### Material provided

+++

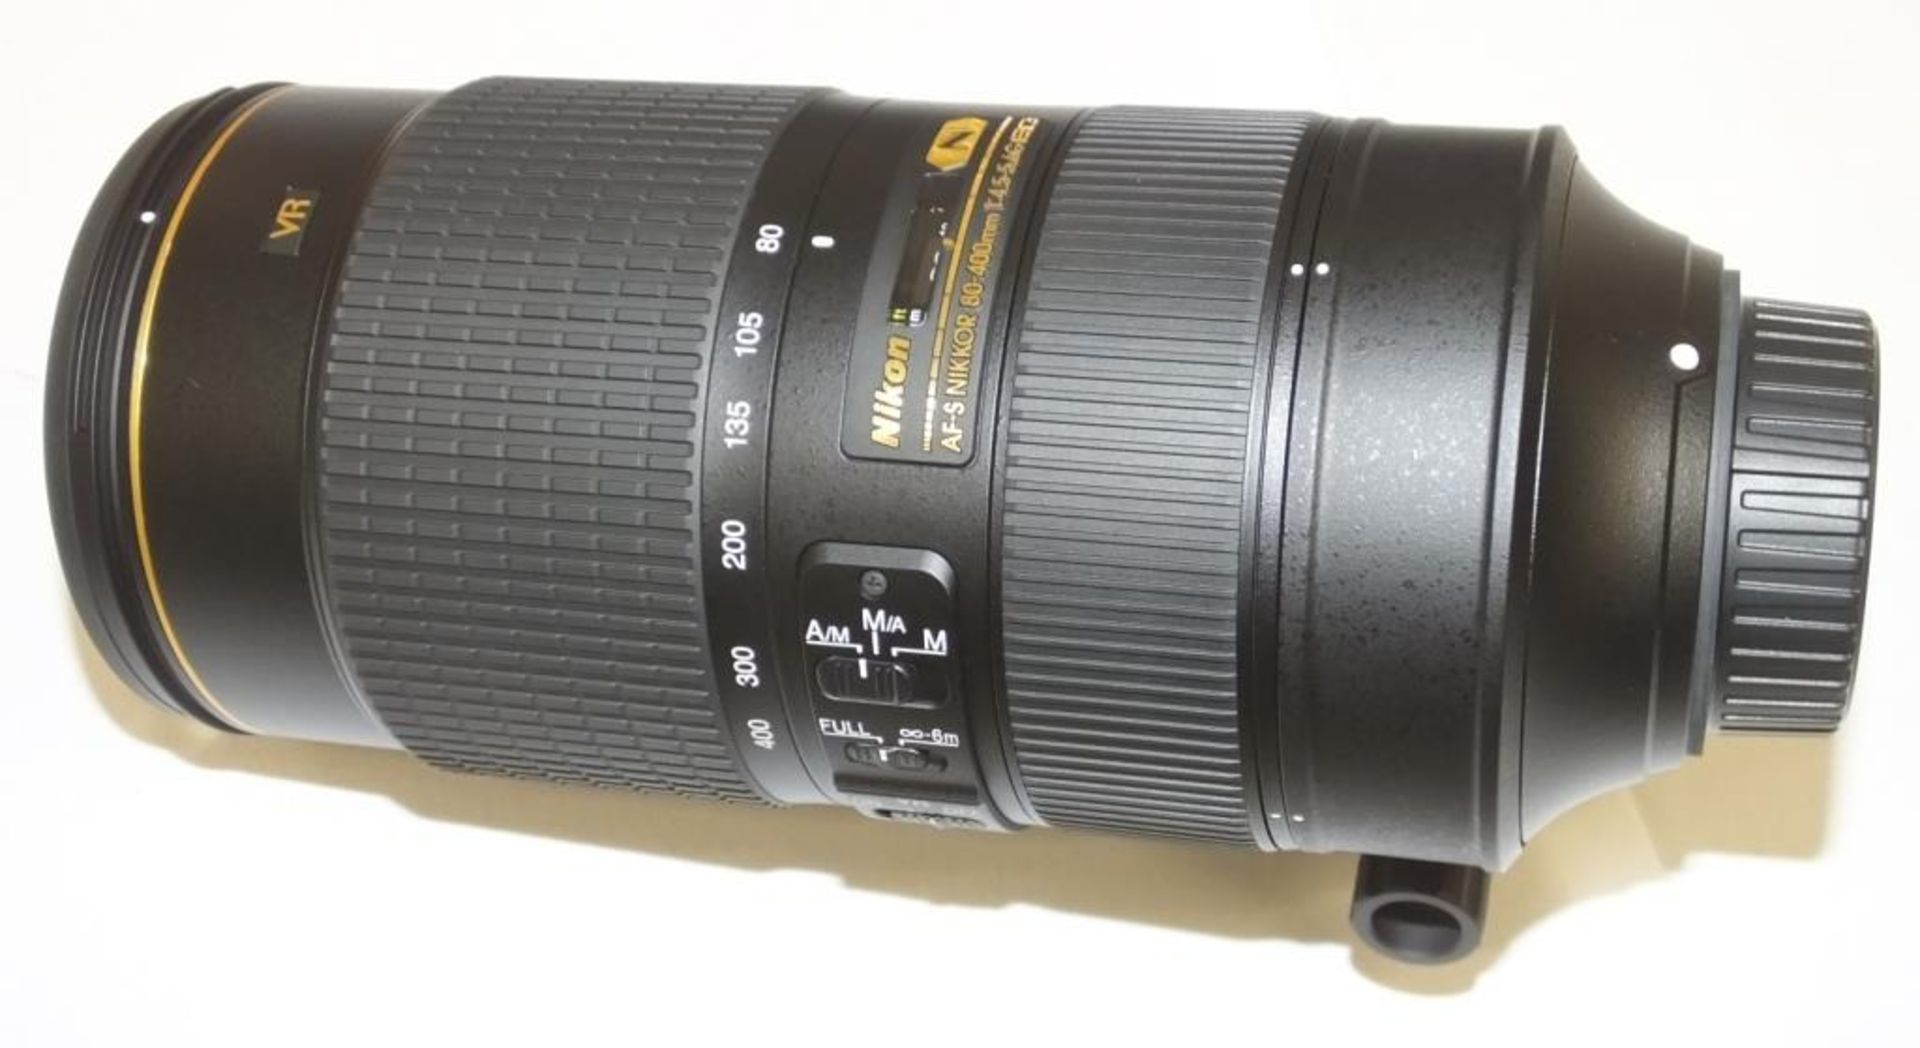 Nikon AF-S Nikkor 80-400mm F/4.5-5.6G ED VR Lens - Serial No. 268930 with Nikon CL-M2 Case - Image 2 of 7
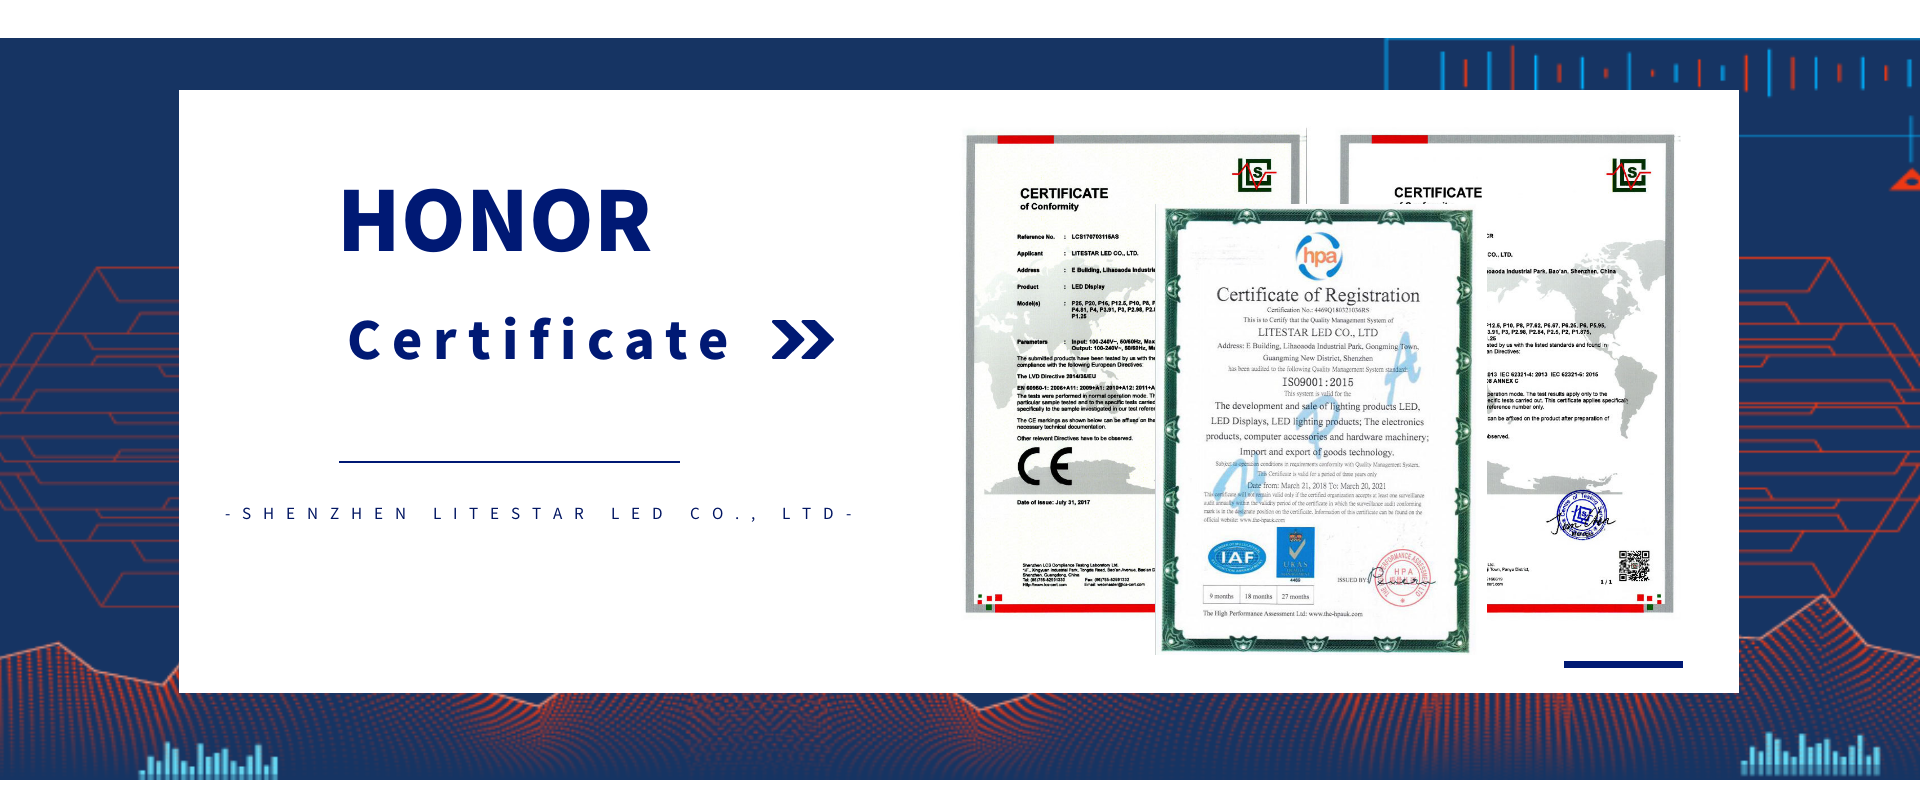 Кваліфікаційний сертифікат
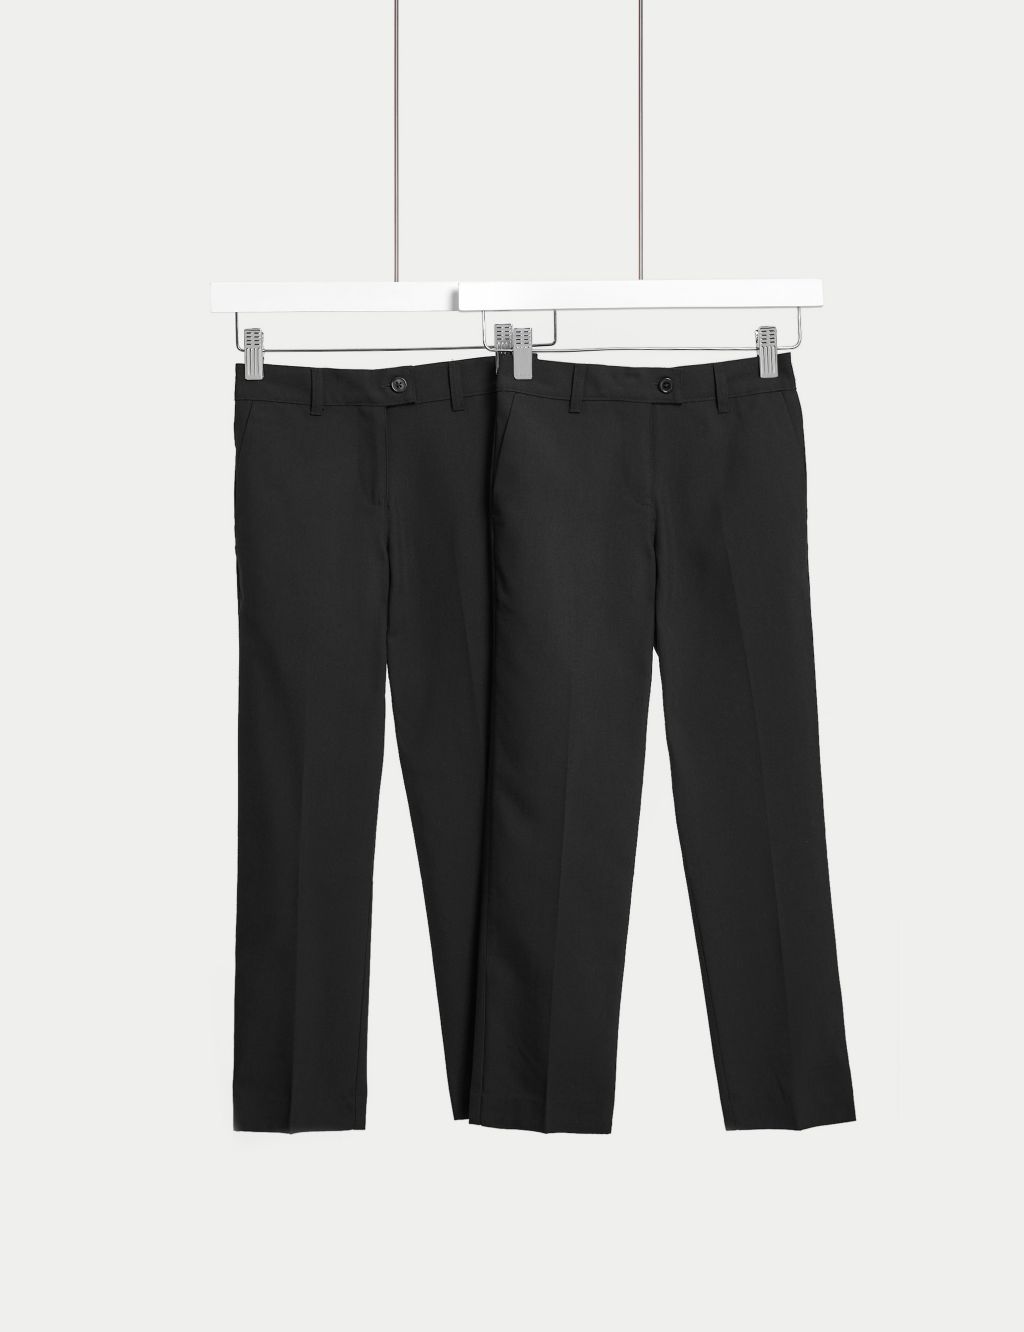 Akiihool Teen Girl Pants for School Girls Wide Leg Pants Kids Cute Print  Adjustable Waist School Uniform Pants (Dark Blue,9-10 Years)

+++

### About this exercise
Leave every picture out, and transcribe the data above exactly as it reads.

### Output
 Nikon AF-S Nikkor 80-400mm F/4.5-5.6G ED VR Lens - Serial No. 268930 with Nikon CL-M2 Case - Image 2 of 7
 Кваліфікаційний сертифікат
 Akiihool Teen Girl Pants for School Girls Wide Leg Pants Kids Cute Print  Adjustable Waist School Uniform Pants (Dark Blue,9-10 Years)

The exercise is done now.